The bill also contains important safeguards to prevent health care providers from being penalized for refusing to participate in providing abortions. Such protections are badly needed in the face of accelerating campaigns by groups such as the ACLU and the National Health Law Program to force individual and institutional healthcare providers to choose between providing abortions or abandoning the healing arts.

What is ultimately needed, however, is a clear, comprehensive, uniform policy to prevent federal subsidies for abortion. This would be provided by enactment of the No Taxpayer Funding for Abortion Act (H.R. 3), introduced by Rep. Chris Smith (R-NJ) and Dan Lipinski (D-Il.), currently with 208 cosponsors. The House Judiciary Committee will mark up H.R. 3 on March 3.

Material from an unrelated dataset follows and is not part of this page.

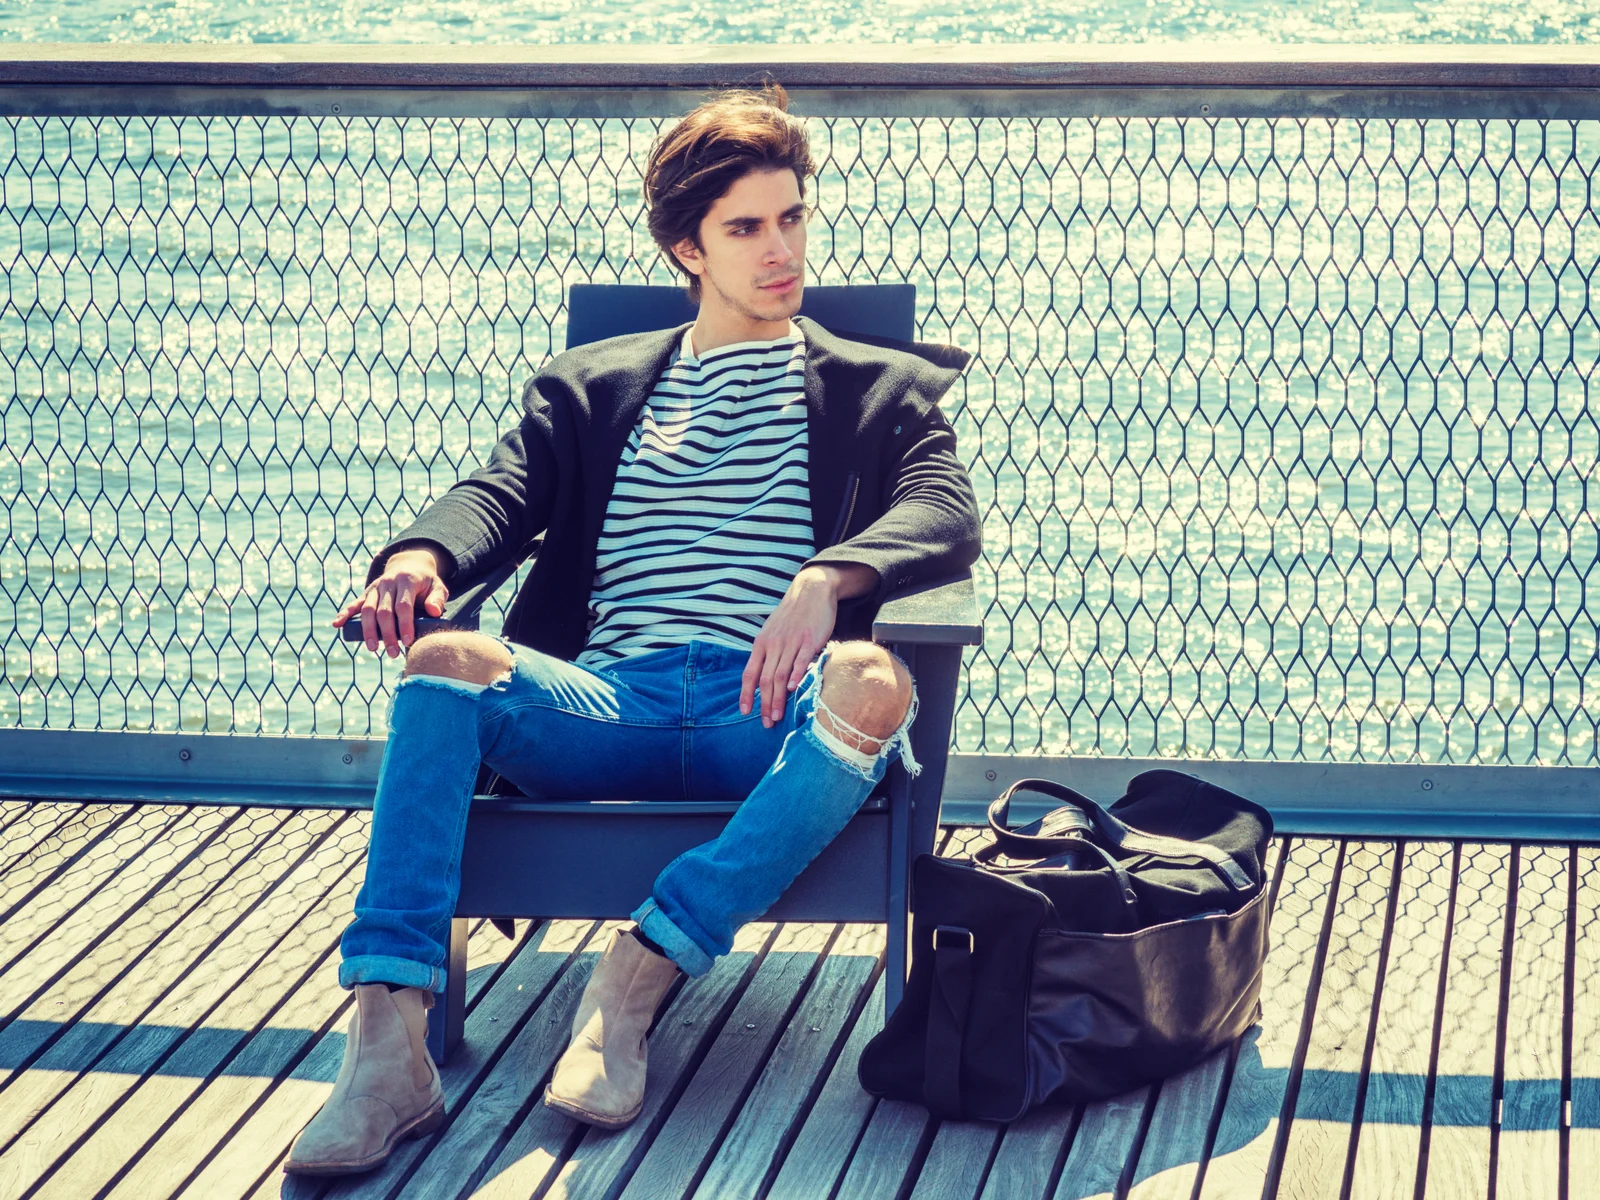 Stylish young man with ripped skinny jeans and a black men's leather weekender bag looking seriously to his left while sitting on a dock

Opponents of these bills have frantically sought to manufacture diversionary issues, such as the claim that the Smith-Lipinski bill contains tax hikes (imaginary), or that the Pitts bill would somehow discourage insurers from covering treatments for injuries caused by abortions (utterly baseless). The core policies contained in these bills have already been in effect for decades for the FEHB program, Medicaid, the military and most other federal health programs, and experience belies the imaginative claims to the opponents.

During the initial congressional debates over federal funding of abortion during the 1970s, the pro-abortion side engaged in similar scare tactics -- claiming, for example, that the Hyde Amendment would result in a huge increase in abortion-related morbidity and mortality. Instead, there was no measurable increase at all -- but, as I noted in recent congressional testimony, another dramatic effect did occur: Well over one million Americans are alive today, who otherwise would have died in federally funded abortions.

According to the Guttmacher Institute, this is a "tragic result." But anyone who advocates "abortion reduction" -- a goal to which even President Obama has given lip service -- should embrace the Pitts and Smith-Lipinski bills to codify and extend the principles and the lifesaving effects of the Hyde Amendment.